When coup leaders failed to adhere to the terms of the peace accord, fighting broke out between the ECOMOG forces and troops loyal to Koroma, who was demanding the immediate release of Foday Sankoh by Nigeria, a halt to the disarmament of the Council's forces, and continued rule by the Council until at least 2001. Koroma's troops were ousted from Freetown and President's Kabbah's regime was reinstated by the ECOMOG forces. But as of this writing Major Koroma remains at large, and the Sankoh's RUF militia remain active in the countryside.

ECOMOG forces have also been involved in controversial peacekeeping operations in Liberia, where complaints about profiteering by its Nigerian commanders have led Monrovians to bitterly joke that ECOMOG means "Every Car or Moving Object Gone." Foreign critics charge that political and business interests in Nigeria also have used ECOMOG to encourage new rebel factions in that nation, and to profit from their arms trade. When ECOMOG troops entered Liberia in 1990, among the forces were, ironically, units from Sierra Leone, some of whom still remain in Monrovia. ECOMOG forces were initially deployed to prevent Liberia from being taken over by rebel Charles Taylor, another brutal warlord with Libyan connections, for whom Foday Sankoh fought before moving on to Sierra Leone. But ECOMOG later reached an accommodation with Taylor. This past summer Taylor won the first Liberian presidential election since 1985, but questions remain about Taylor's commitment to democratic rule.

Critics of ECOMOG argue that it remains an unsatisfactory model for future African and other international peacekeeping forces. Both its Sierra Leone and Liberian interventions raise questions as to the long- term effectiveness of ECOMOG activities and the motivations of some of the peacekeepers. In Sierra Leone ECOMOG has managed to reinstate a popularly elected regime. But until that government has effective means of defending itself, it will remain vulnerable to the various armed political factions in the country that wish it ill.
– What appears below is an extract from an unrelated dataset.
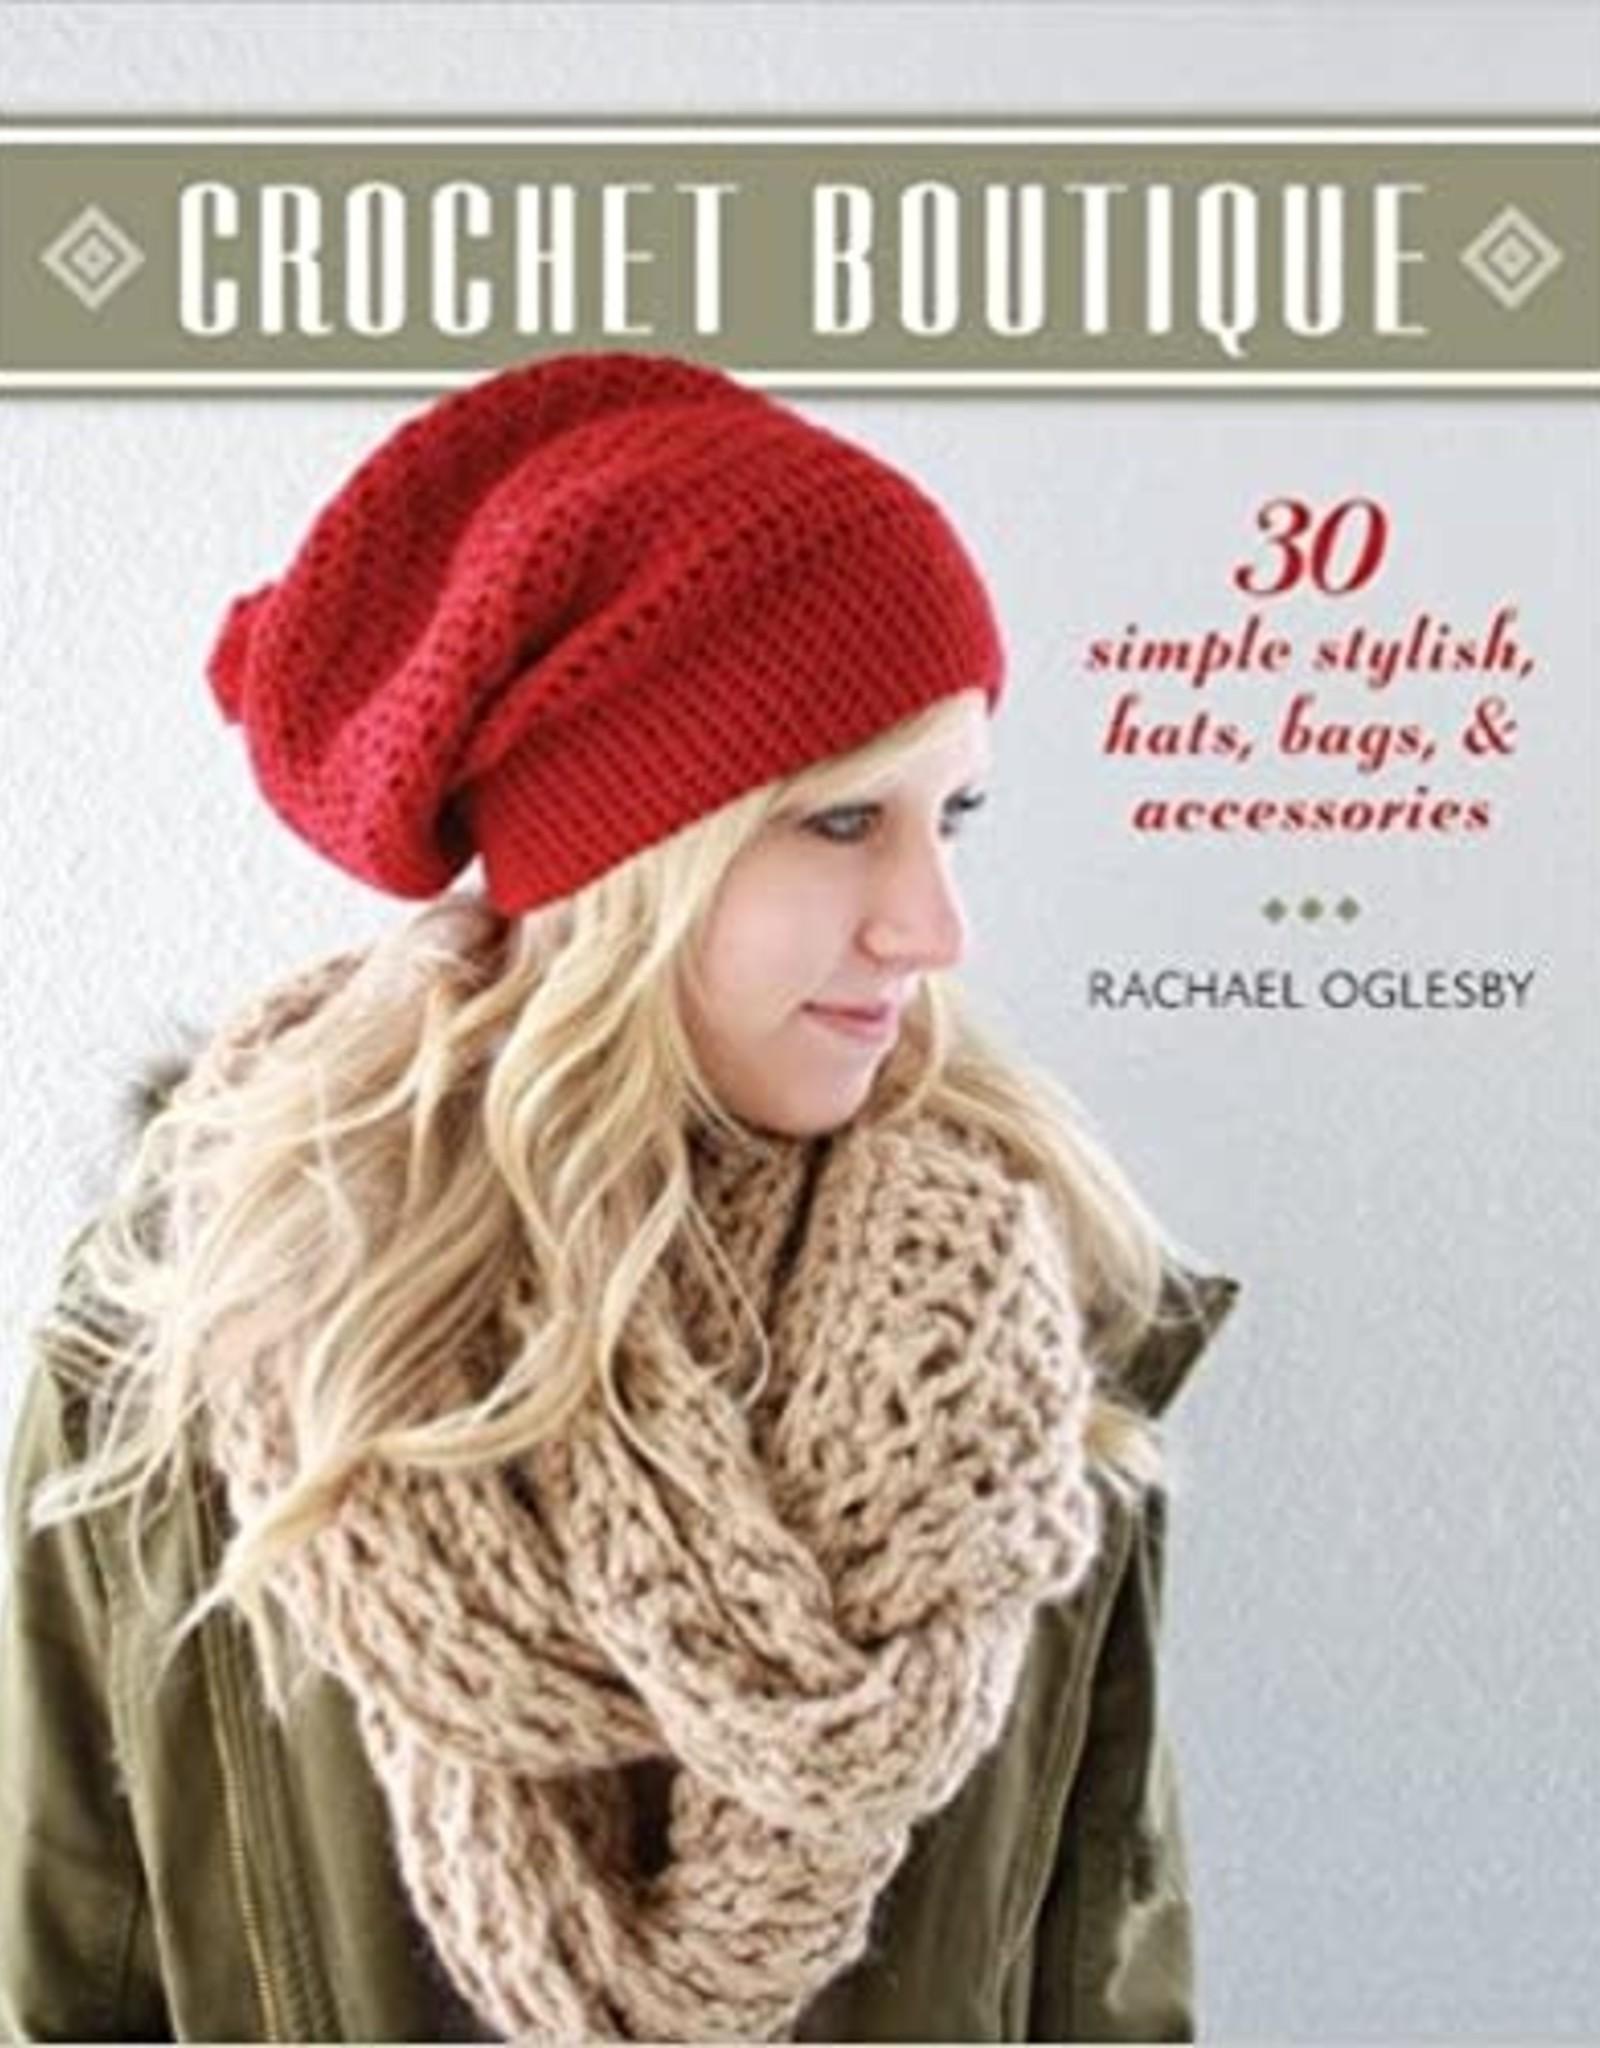 Ingram Crochet Boutique: 30 Simple Stylish Hats, Bags Accessories

The Sierra Leone episode underlines the critical need for democratic regimes to quickly create professional armies that operate within international norms. The poorly trained, poorly paid and poorly led Sierra Leone army was easily turned into a coup instrument by Major Koroma. The ECOMOG force did not prevent Major Koroma's rebellion. And the restored Kabbah government has declared a state of emergency and imprisoned its political opponents without trial. It has also failed to release the names of those detained by ECOMOG.
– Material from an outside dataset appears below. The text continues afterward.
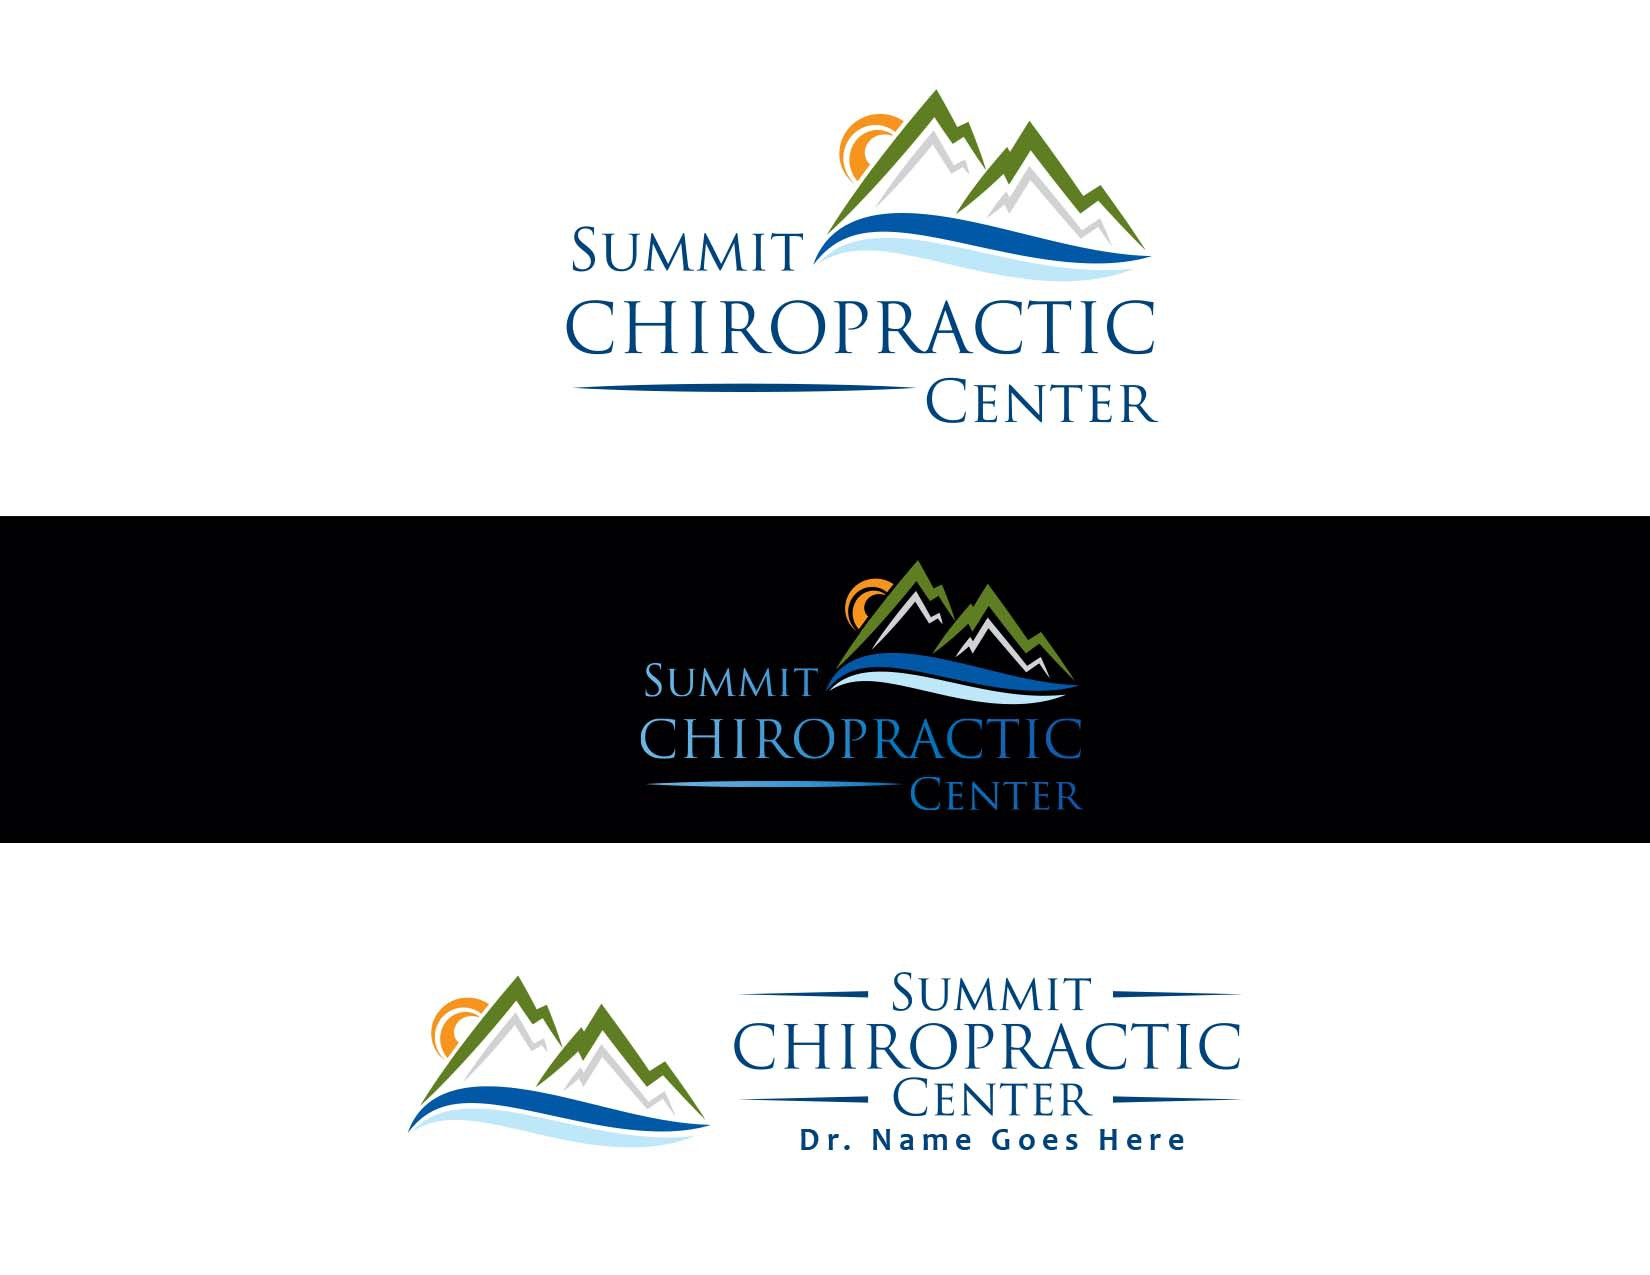 logo for Summit Chiropractic Center

The first step to ensuring the viability of elected regimes is to provide them with the means to protect themselves against armed opponents. Such protection is best provided by immediately training effective domestic forces, rather than by depending on international peacekeeping groups. In training professional armies, it is not necessary to rely solely on instructors from standing armies seconded to international duty. Both Croatia and Bosnia have used private companies effectively to help train their armed forces. In many ways, Executive Outcomes, the South African military consultants -- some would call them mercenaries -- were more effective in suppressing rebel factions than ECOMOG has been. (Kabbah ordered EO out of Sierra Leone after his election.)

Ultimately, a "peacekeeping" force that attempts to impose a resolution against the will of one side or the other becomes a participant in the proceedings. This role can provide an opportunity to end a war, or to make a bad situation worse, which is why peacekeepers, like doctors, should first strive to do no harm.